18 января
В 1924 году весной вокруг Маршака еще едва-едва начинал собираться первый отряд детских писателей. Вот-вот должен был появиться Житков, издавался (или предполагался?) детский журнал при «Ленинградской правде:». Начинал свою работу Клячко – основал издательство «Радугу». Маршак написал «Детки в клетке», «Пожар», Лебедев сделал рисунки «Цирк». Его уверенные, даже властные высказывания о живописи наложили свой отпечаток и на всю нашу работу. Но все это едва-едва начиналось, была весна. Я приходил со своей рукописью в знакомую комнату окнами на Таврический сад. И мы работали. Для того чтобы объяснить мне, почему плохо то или иное место рукописи, Маршак привлекал и Библию, и Шекспира, и народные песни, и Пушкина, и многое другое, столь же величественное или прекрасное. Года через два мы, неблагодарные, подсмеивались уже над этим его свойством. Но ведь он таким образом навеки вбивал в ученика сознание того, что работа над рукописью – дело божественной важности. И когда я шел домой или бродил по улицам с Маршаком, то испытывал счастье, чувствовал, что не только выбрался на дорогу, свойственную мне, но еще и живу отныне по-божески. Делаю великое дело. Написав книжку я опять уехал в «Кочегарку». Вернувшись в Ленинград, я ужасно удивился тому, что моя «Балалайка» вышла в свет – и только! Ничего не изменилось в моей судьбе и вокруг. Впрочем, я скоро привык к этому. Во всяком случае, люди, которых я уважал, меня одобряли, а остальные стали привыкать к тому, что я не актер, а пишу. К этому времени Самуил Яковлевич со всей страстью ринулся делать журнал «Воробей». (Впрочем, кажется, журнал назывался уже «Новый Робинзон» в те дни?) Каждая строчка очередного номера обсуждалась на редакционных заседаниях так, будто от нее зависело все будущее детской литературы. И это мы неоднократно высмеивали впоследствии, не желая видеть, что только так и можно было работать, поднимая дело, завоевывая уважение к детской литературе, собирая и выверяя людей.

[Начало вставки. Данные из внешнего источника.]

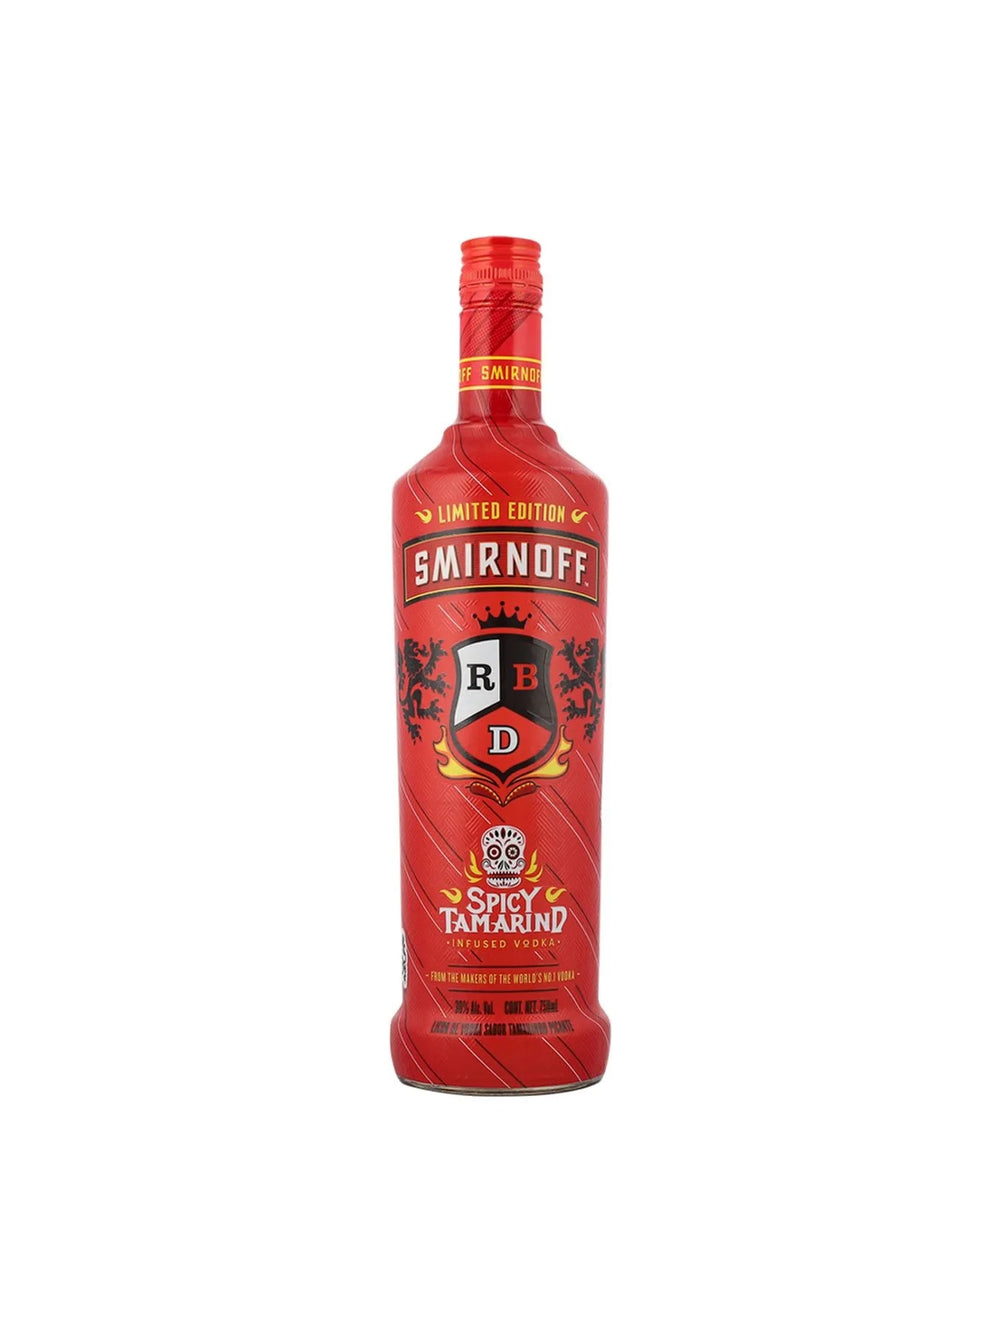 Vodka Smirnoff X-1 Spicy Tamarind Edic Rbd - 750 Ml

Появился Житков. Они с Маршаком просиживали ночами, Житков писал первые свои рассказы. Тогда он любил Маршака так же, как я. Еще и подумать нельзя было, что Борис восстанет первый на учителя нашего и весна вдруг перейдет в осень. Но это случилось позже. А я говорю о весне 1924 года.
19 января
Итак, была весна 24 года – время, которое начало то, что не кончилось еще в моей душе и сегодня. Поэтому весна эта, если вглядеться как следует, без всякого суеверия, без предрассудков, стоит рядом, рукой подать. Я приходил к Маршаку чаще всего к вечеру. Обычно он лежал. Со здоровьем было худо. Он не мог уснуть. У него мертвели пальцы. Но тем не менее он читал то, что я принес, и ругал мой почерк, утверждая, что буквы похожи на помирающих комаров. И вот мы уходили в работу. Я со своей обычной легкостью был ближе к поверхности, зато Маршак погружался в мою рукопись с головой. Если надо было найти нужное слово, он кричал на меня сердито: «Думай, думай!» Мы легко перешли на «ты», так сблизила нас работа. Но мое «ты» было полно уважения. Я говорил ему: «Ты, Самуил Яковлевич». До сих пор за всю мою жизнь не было такого случая, чтобы я сказал ему: «Ты, Сема». «Думай, думай!» – кричал он мне, но я редко придумывал то, что требовалось. Я был в работе стыдлив, мне требовалось уединение. Угадывая это, Самуил Яковлевич чаще всего делал пометку на полях. Это значило, что я должен переделать соответствующее место дома. Объясняя, чего он хочет от меня, Маршак, как я уже говорил, пускал в ход величайшие классические образцы, и сам приходил, и меня приводил в одухотворенное состояние. Если в это время появлялась Софья Михайловна и звала обедать, он приходил в детское негодование. «Семочка, ты со вчерашнего вечера ничего не ел!» – «Дайте мне работать! Вечно отрывают!» – «Семочка!» – «Ну, я не могу так жить. Ох!» – и, задыхаясь, он хватался за сердце.